* _Task to carry out_
Once the images are removed, set down everything else in the listing below exactly.

* _Data block_
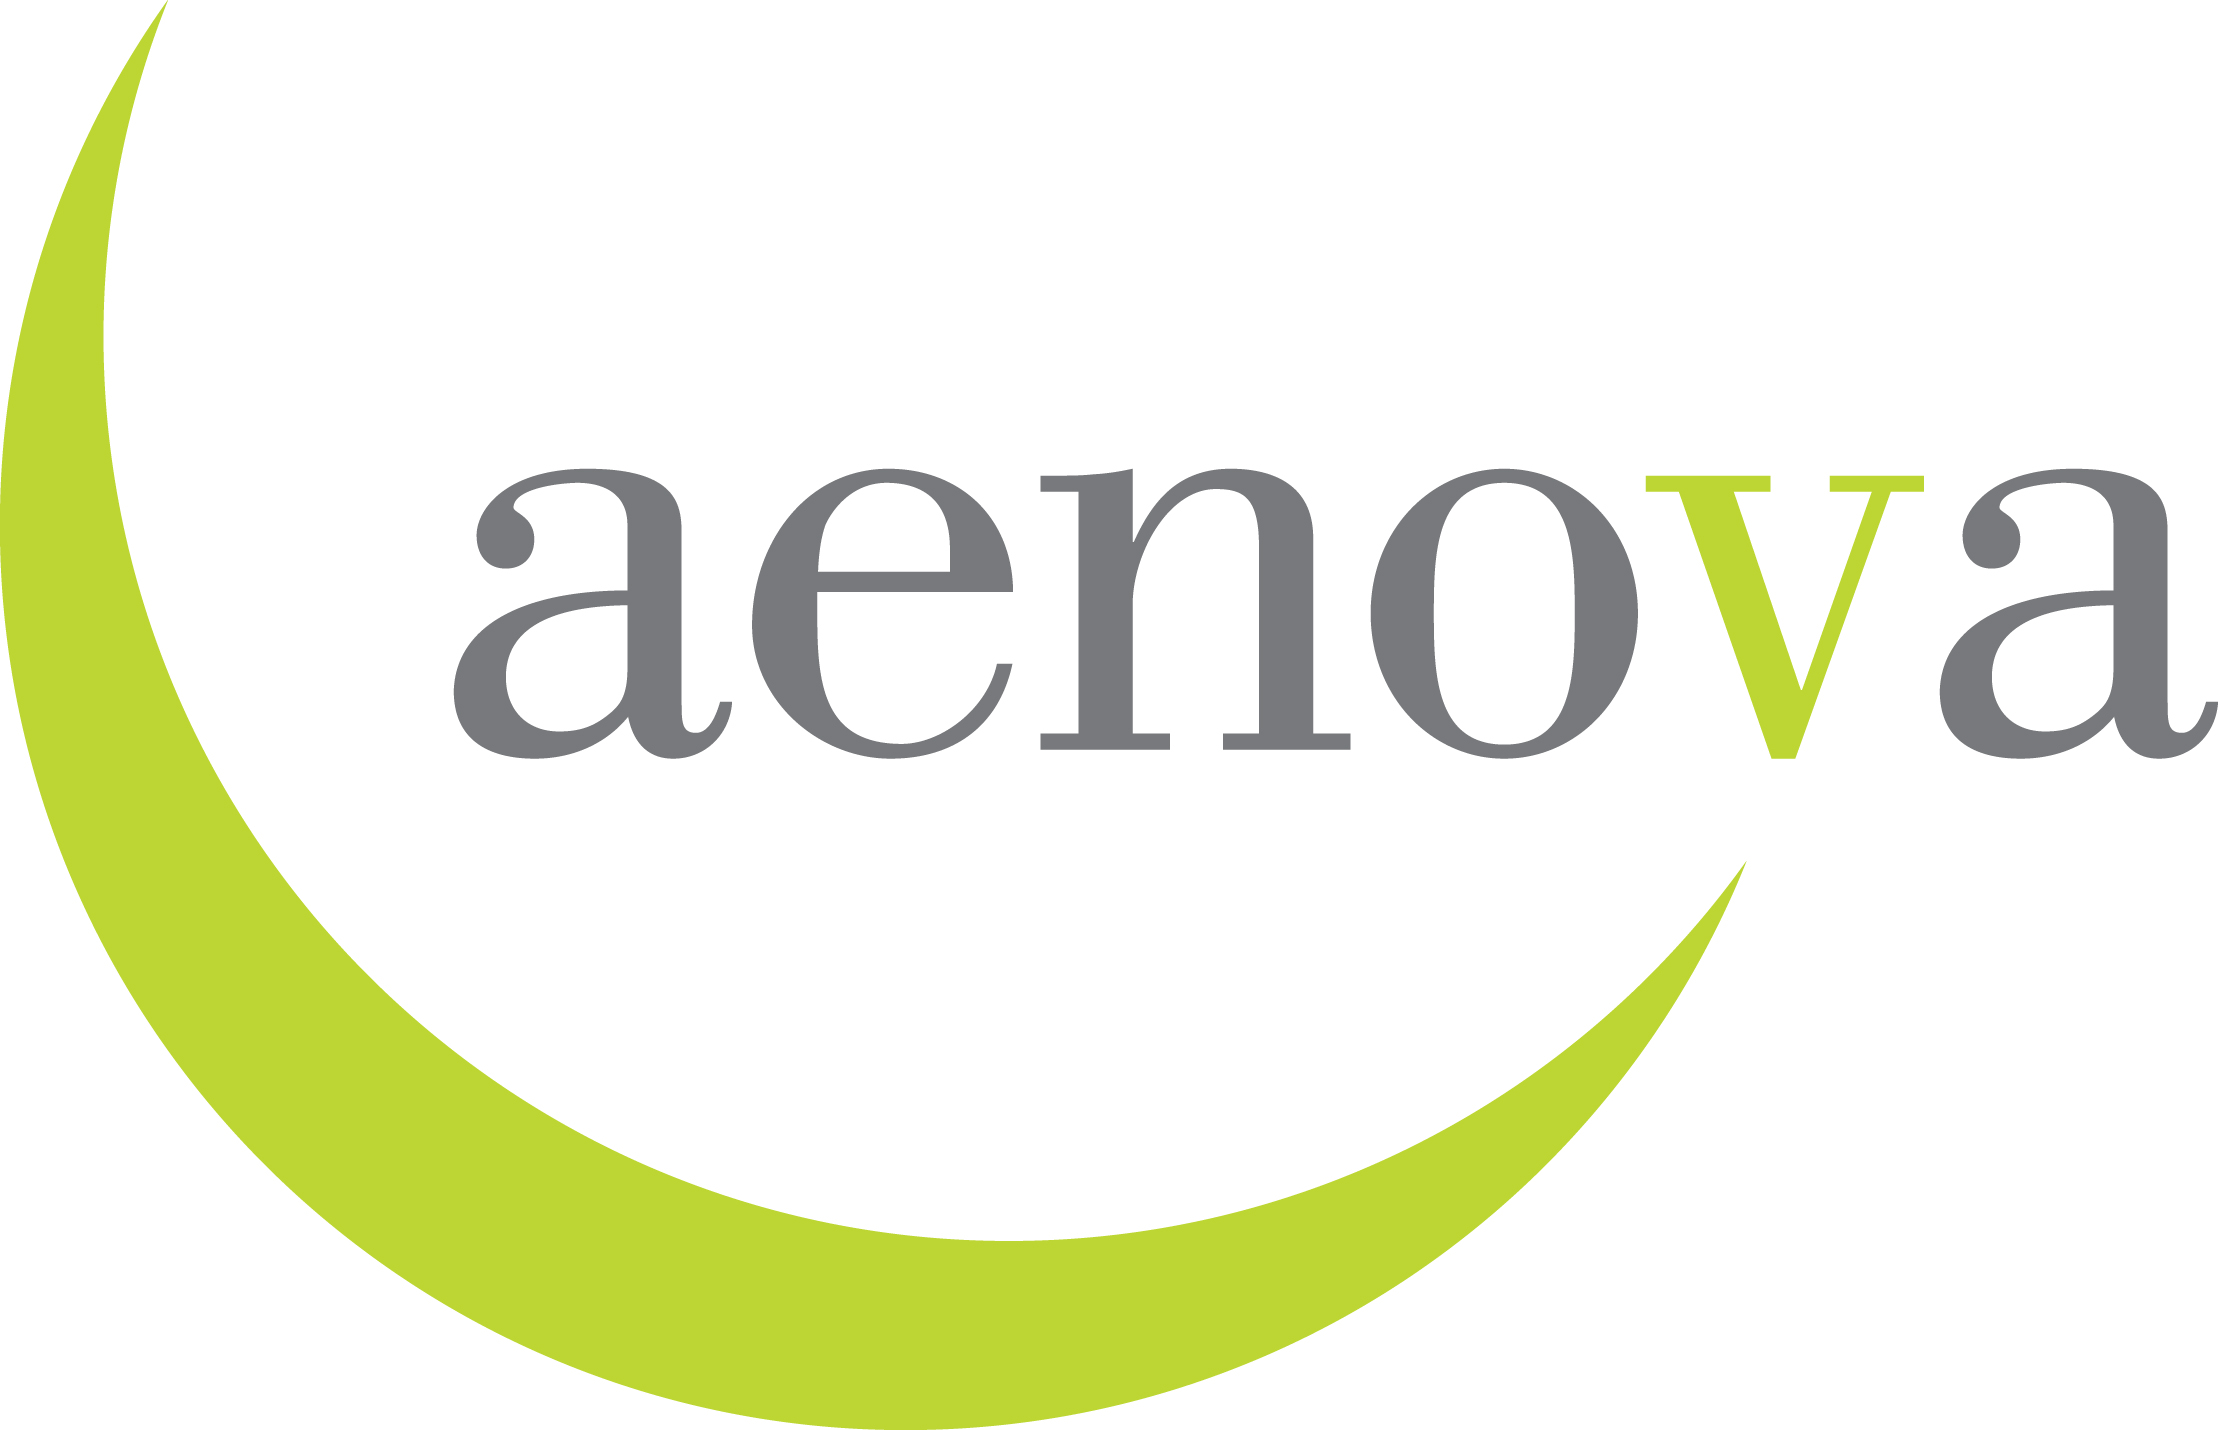 messedaten_messe_206_weblogos_aenova_group_-_haupt_pharma_muenster_gmbh.jpg
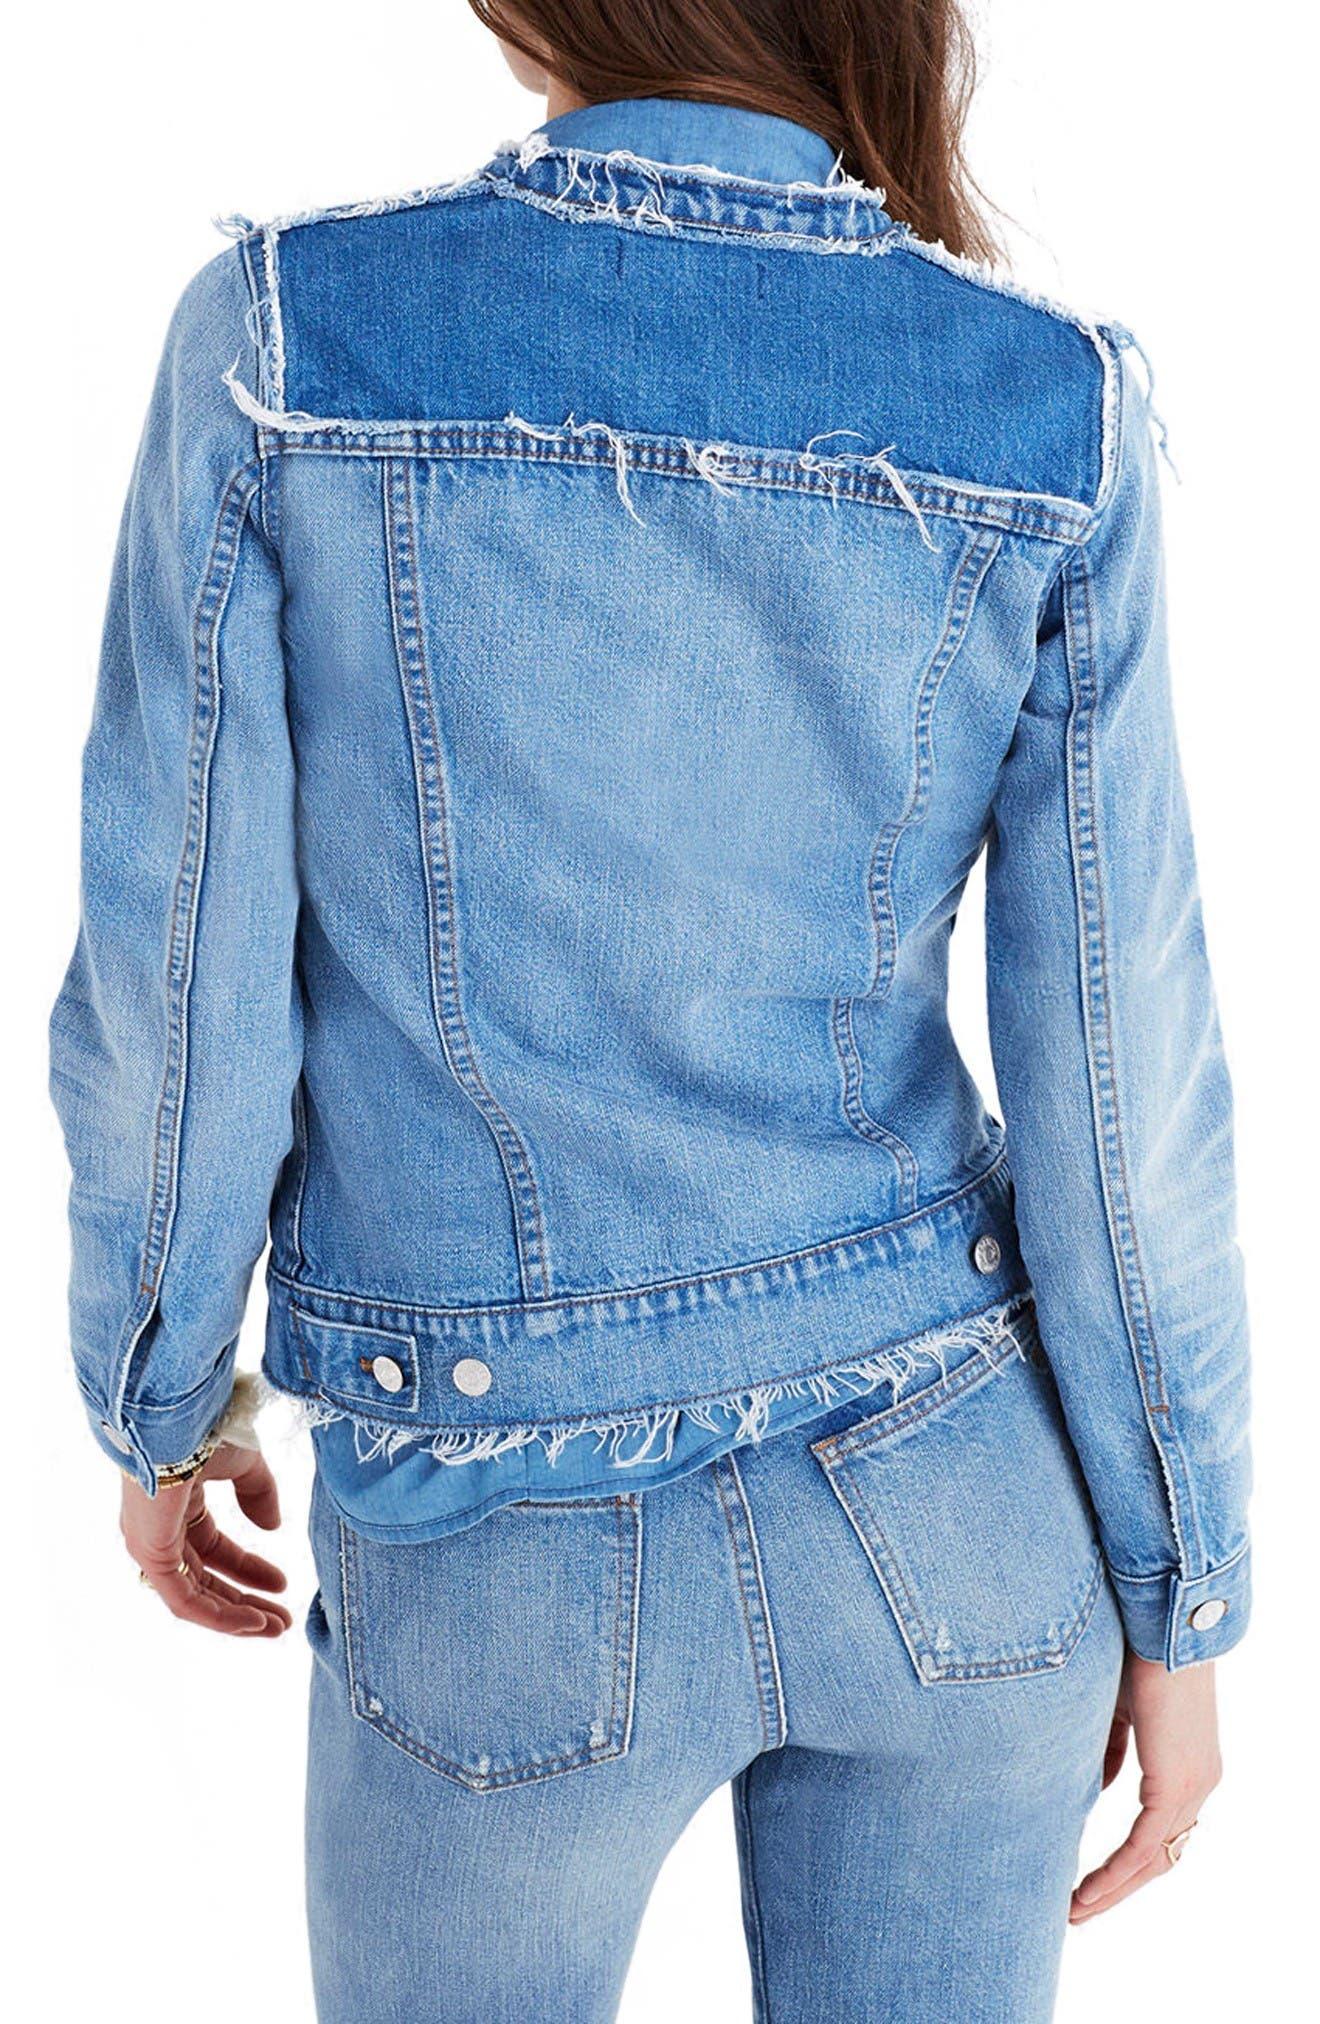 Alternate Image 2  - Madewell Distressed Denim Jacket
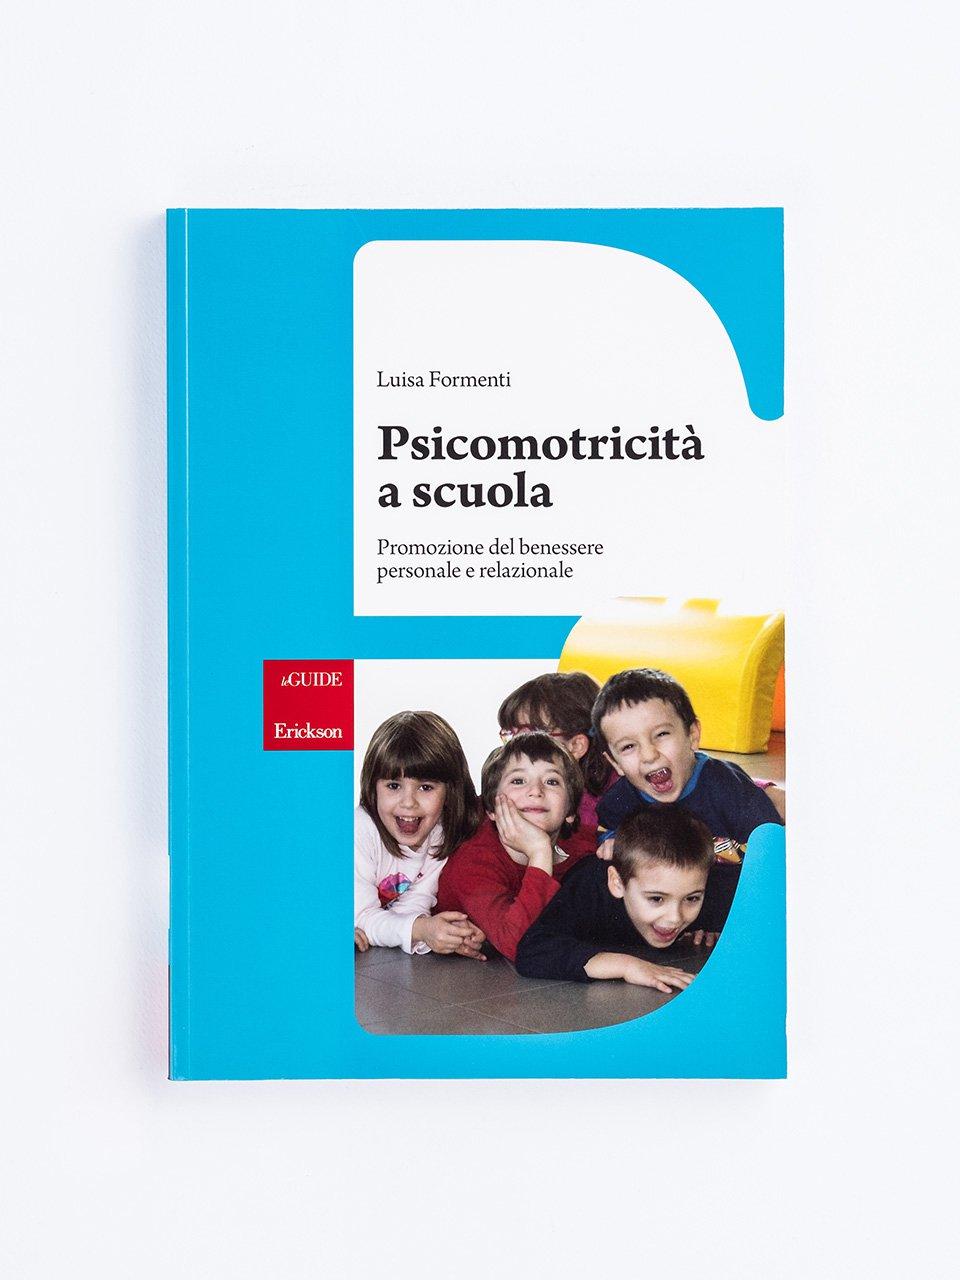 Psicomotricità a scuola - L'osservazione del bambino nel lavoro psicomotorio - Erickson

* _Answer box_
 messedaten_messe_206_weblogos_aenova_group_-_haupt_pharma_muenster_gmbh.jpg
 Alternate Image 2  - Madewell Distressed Denim Jacket
 Psicomotricità a scuola - L'osservazione del bambino nel lavoro psicomotorio - Erickson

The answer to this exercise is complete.